The petitioner bank refused her request for a board resolution and made many
alibis. She was told that the bank had a new manager and it had no record of the
sale. Upon request Marife submitted a copy of the DOS and receipt of payment.
She was told that the Board Resolution could not be released because the bank
has no records from the old manager. Respondents initiated the present
proceedings so that they could transfer to their names the subject five parcel of
land and subsequently mortgage said lots and to use the loan proceeds for the
medical expenses of their ailing mother.


ISSUE: May the Board of Directors of a rural banking corporation be compelled to confirm
a deed of absolute sale of real property owned by the corporation which deed of sale was
executed by the bank manager without prior authority of the board of directors of
the rural banking corporation?


HELD:
YES. The bank acknowledges, by its own acts or failure to act, the authority of Fe S. Tena to
enter into binding contracts. After the execution of the Deed of Sale, respondents occupied
the properties in dispute and paid the real estate taxes.
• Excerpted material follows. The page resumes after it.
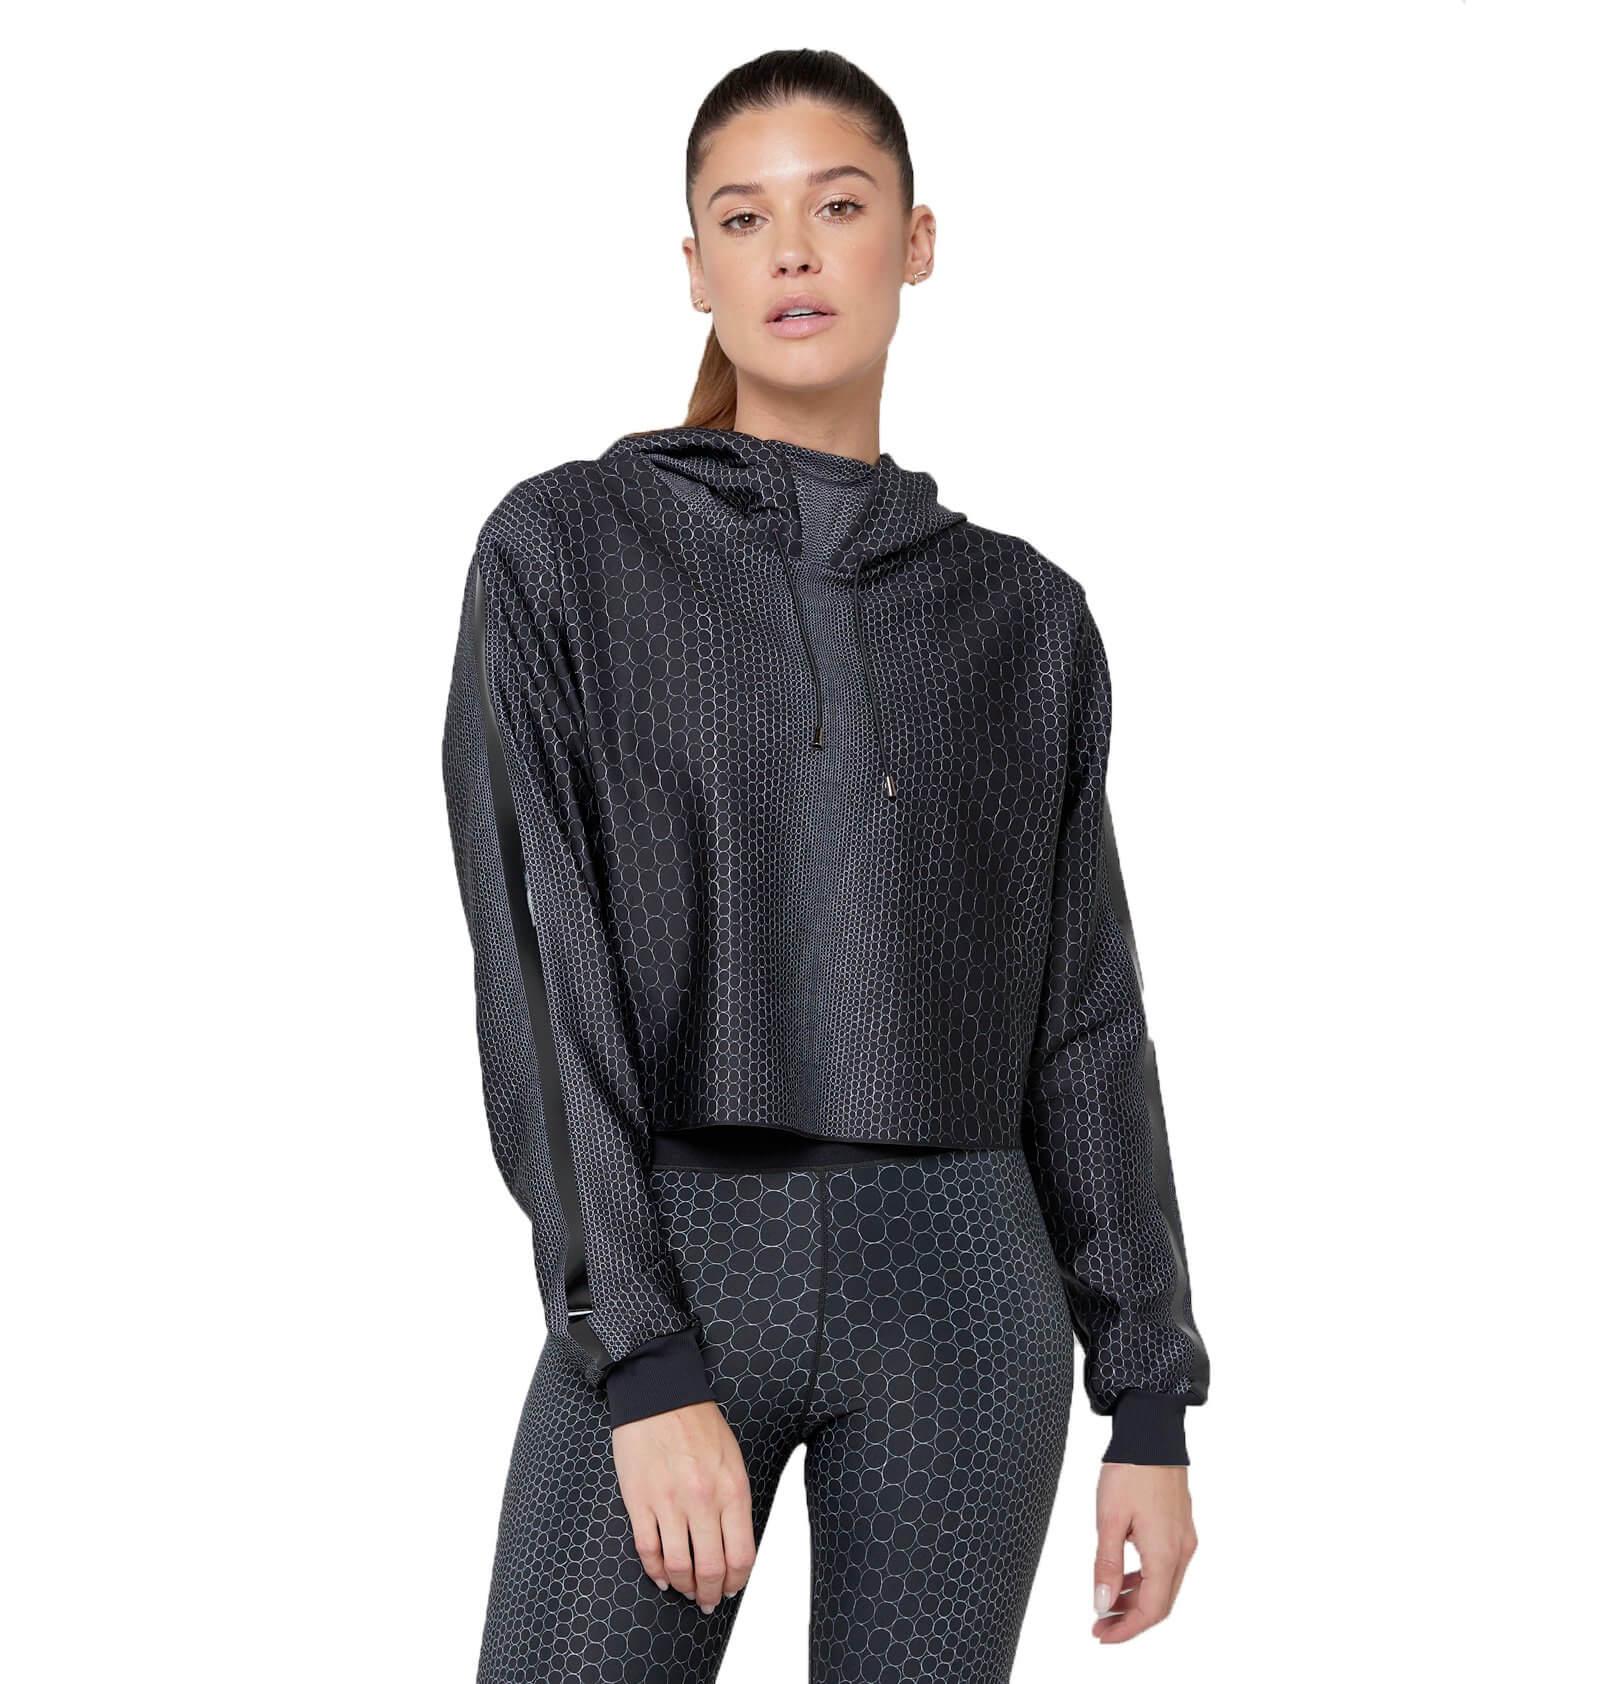 lacroix-pearls-nero-print-lynx-hoodie-front_1600x

If the bank management believed
that it had title to the property, it should have taken measures to prevent the infringement
and invasion of title thereto and possession thereof. Likewise, Tena had previously
transacted business on behalf of the bank, and the latter had acknowledged her
authority. A bank is liable to innocent third persons where representation is made
in the course of its normal business by an agent like Manager Tena even though
such agent is abusing her authority. Clearly, persons dealing with her could not be
blamed for believing that she was authorized to transact business for and on
behalf of the bank.

The bank is estopped from questioning the authority of the agent to enter into contract of
sale. If a corporation knowingly permits one of its officers or any other agent to act within
the scope of an apparent authority, it holds the agent out to the public as possessing the
power to do those acts; thus, the corporation will, as against anyone who has in good faith
dealt with it through such agent, be estopped from denying the agents authority.